When should you use a tag? It depends on the use case, requirements, and the target environment. It is crucial to consider which changes we may consume. A tag is only a pointer to an image and can be updated at any time. The 41
tag of the Fedora image will point to another image (i.e., a new digest) whenever the project releases new updates to the image by rebuilding and publishing it.
Using the 41
tag guarantees that there won’t be any breaking changes during the lifetime of this version of Fedora, so running workloads with this tag is totally acceptable. The low risk of a potential accidental breaking change to an image resulting in breaking my workload isn't worth the additional work of constantly updating the digest to consume updates and security fixes.
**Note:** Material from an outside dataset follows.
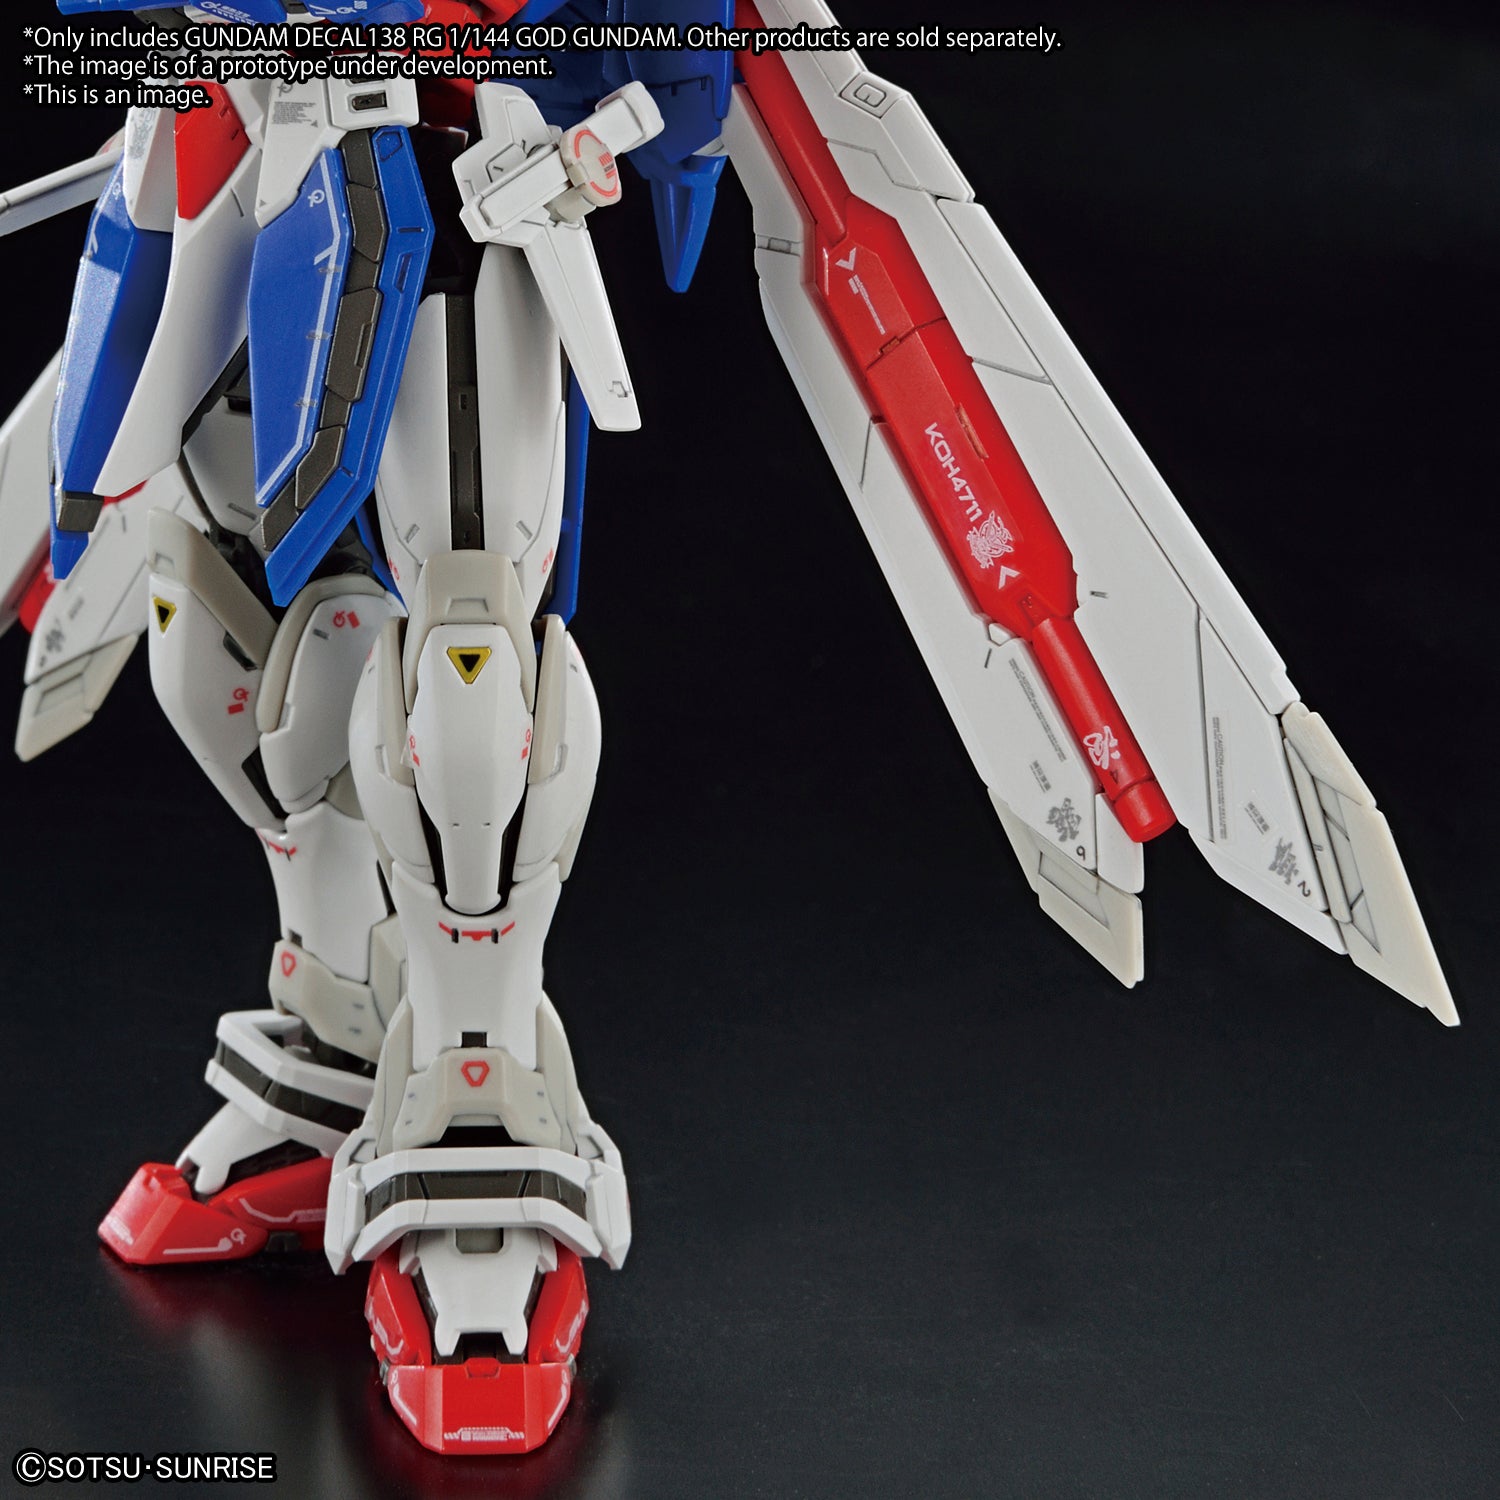 Gundam Decal No.138 RG 1/144 God Gundam

Finding the right balance is also important. Would I reference an image only by tag if my life depended on it? Absolutely not. I would always use a digest. Would I use a tag for my streaming service at home? Absolutely.
Note that there are other means than using a tag to embed a version. For example, Red Hat’s Universal Base Image embeds the version in the repository registry.redhat.io/ubi9/ubi
.
Best practices for tagging and versioning images
When it comes to publishing and releasing images, make sure clients can easily consume them. Choosing the right tagging and versioning schemes for your images will pay off in the long term since it impacts workload management. Semantic versioning is an expressive strategy for tagging images.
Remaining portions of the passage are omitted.